Available records -
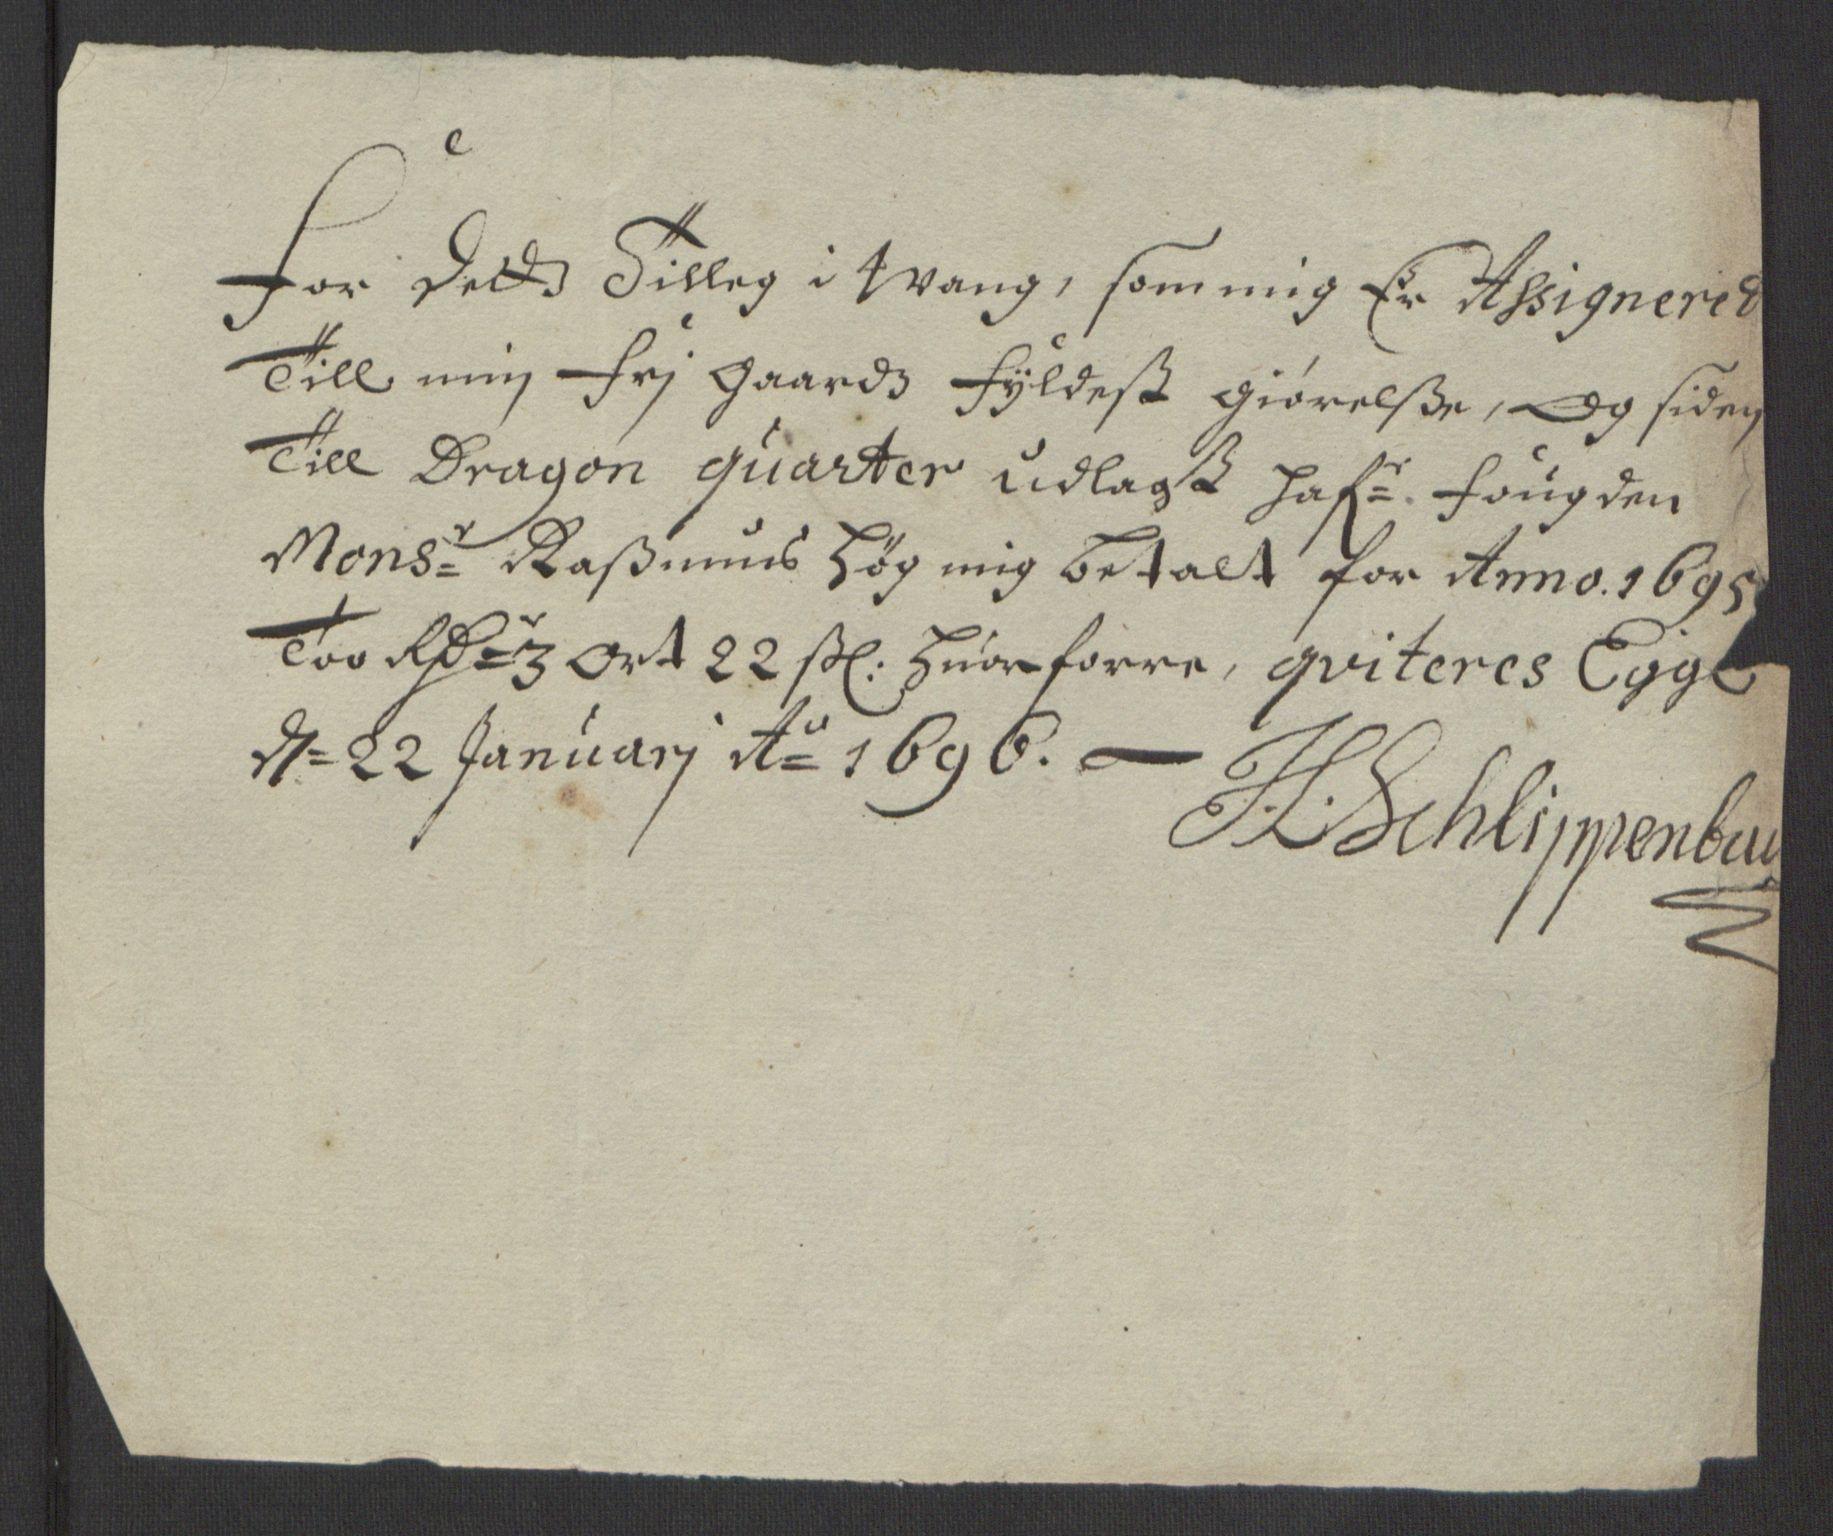 RA, Rentekammeret inntil 1814, Reviderte regnskaper, Fogderegnskap, R63/L4309: Fogderegnskap Inderøy, 1695-1697, s. 94
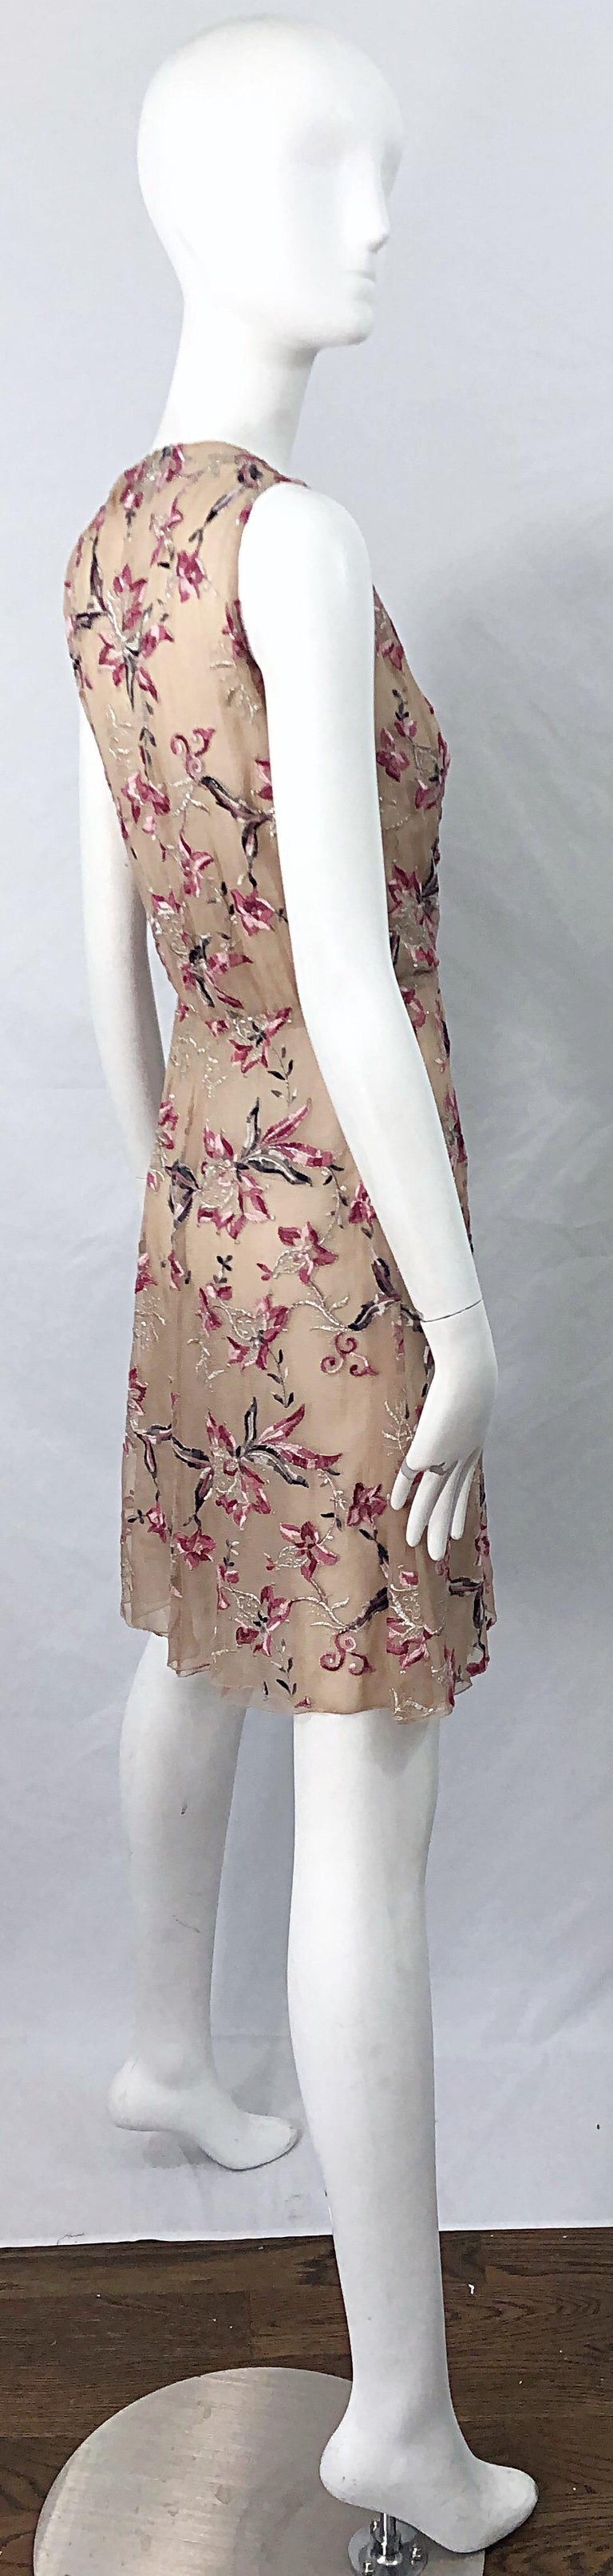 Women's Beautiful 1990s Valentino Nude Silk Chiffon Semi Sheer Size 6 Embroidered Dress For Sale
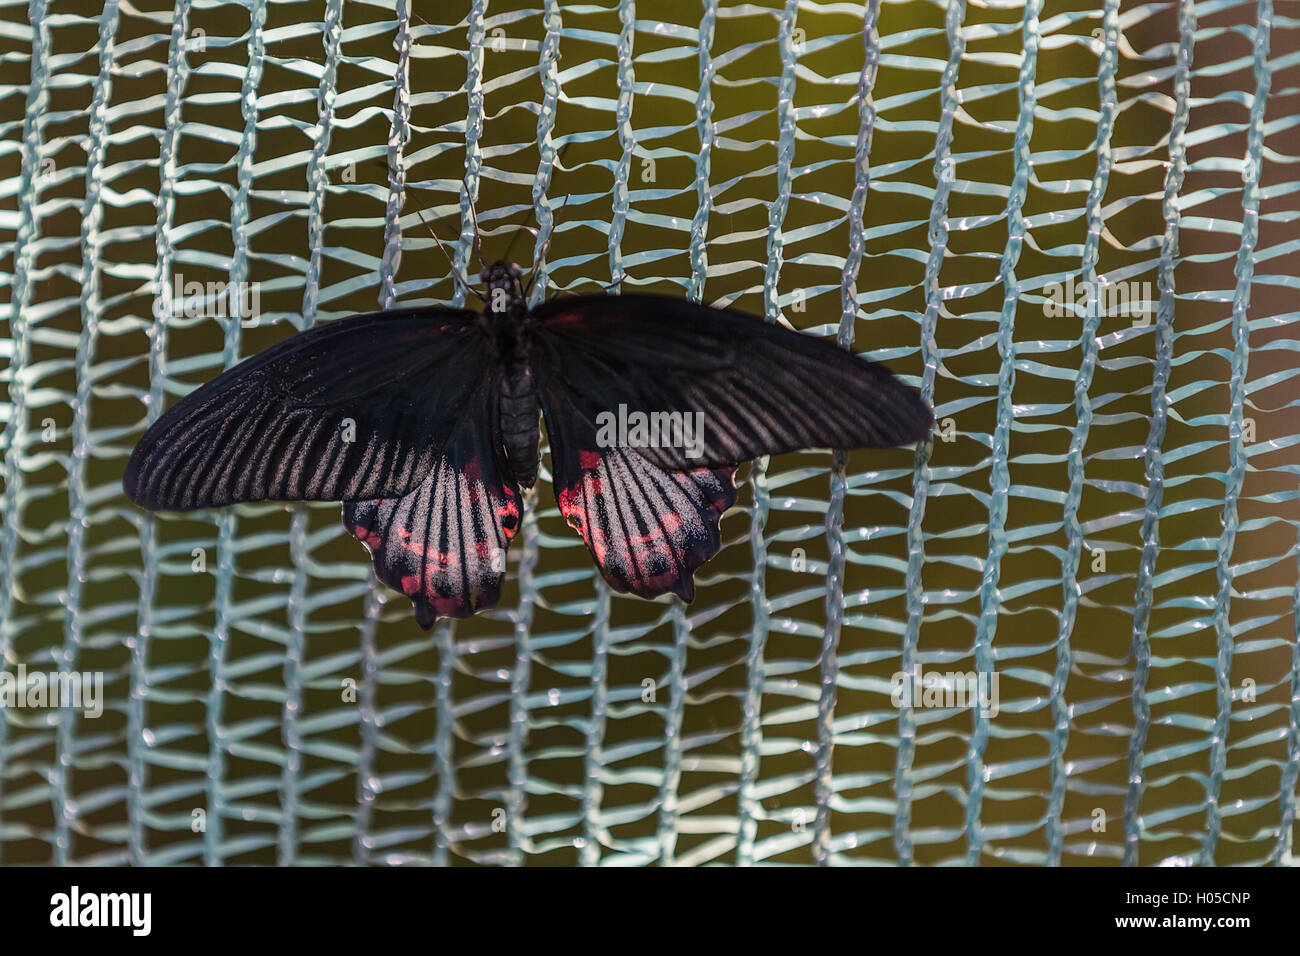 Scarlet mormone (Papilio rumanzovia), maschio Immagini Stock
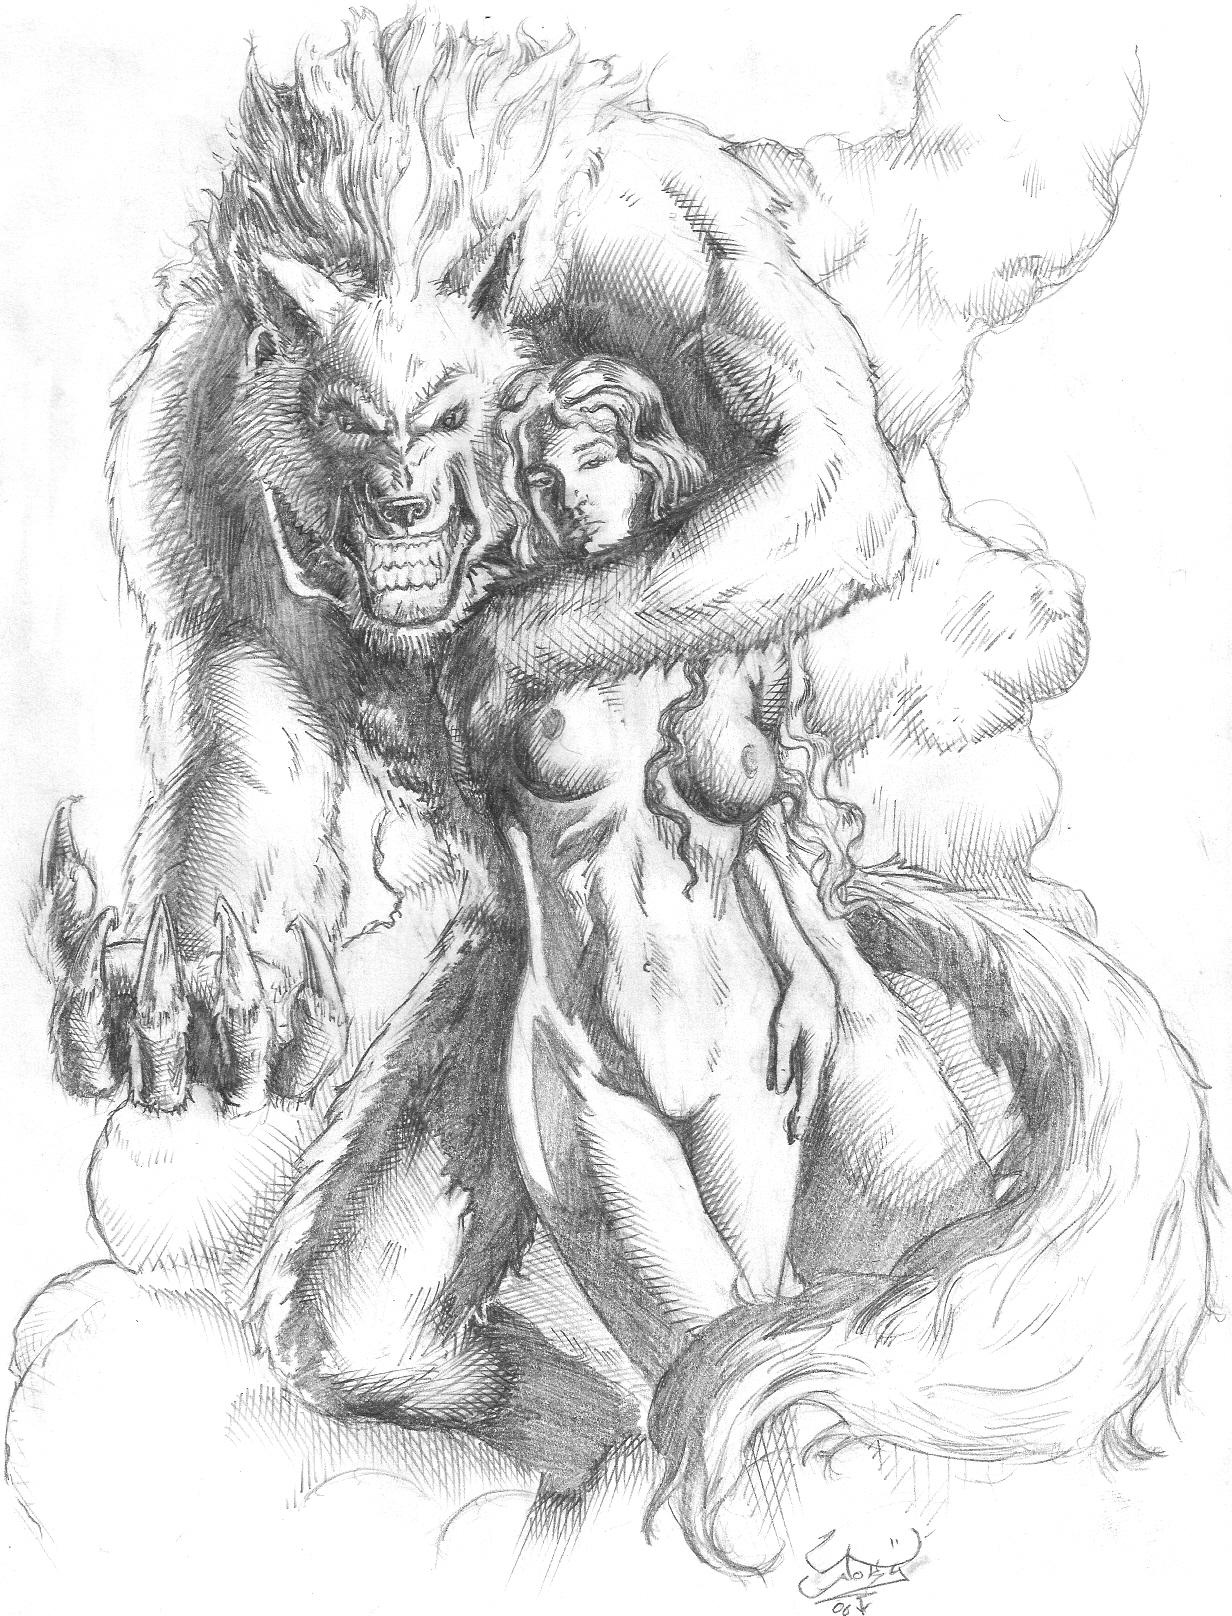 Drawn wolfman female werewolf JokY wolfwoman on Explore DeviantArt
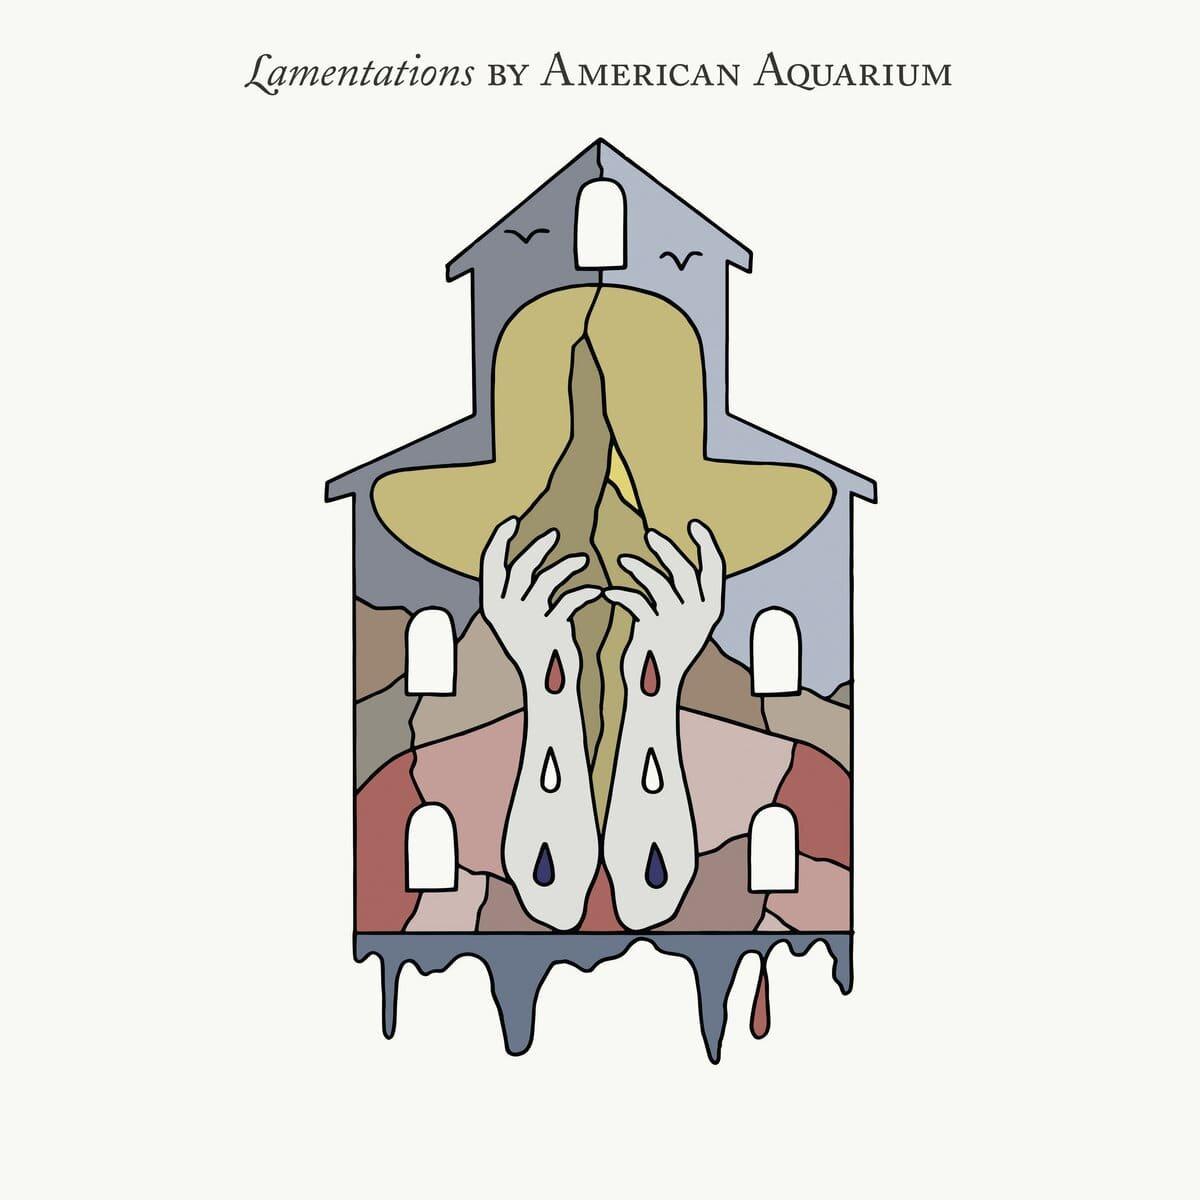 American Aquarium – Lamentations

Problem details -
The records above are to be quoted exactly, with all pictures left out.

Answer for the task -
 RA, Rentekammeret inntil 1814, Reviderte regnskaper, Fogderegnskap, R63/L4309: Fogderegnskap Inderøy, 1695-1697, s. 94
 Women's Beautiful 1990s Valentino Nude Silk Chiffon Semi Sheer Size 6 Embroidered Dress For Sale
 Scarlet mormone (Papilio rumanzovia), maschio Immagini Stock
 Drawn wolfman female werewolf JokY wolfwoman on Explore DeviantArt
 American Aquarium – Lamentations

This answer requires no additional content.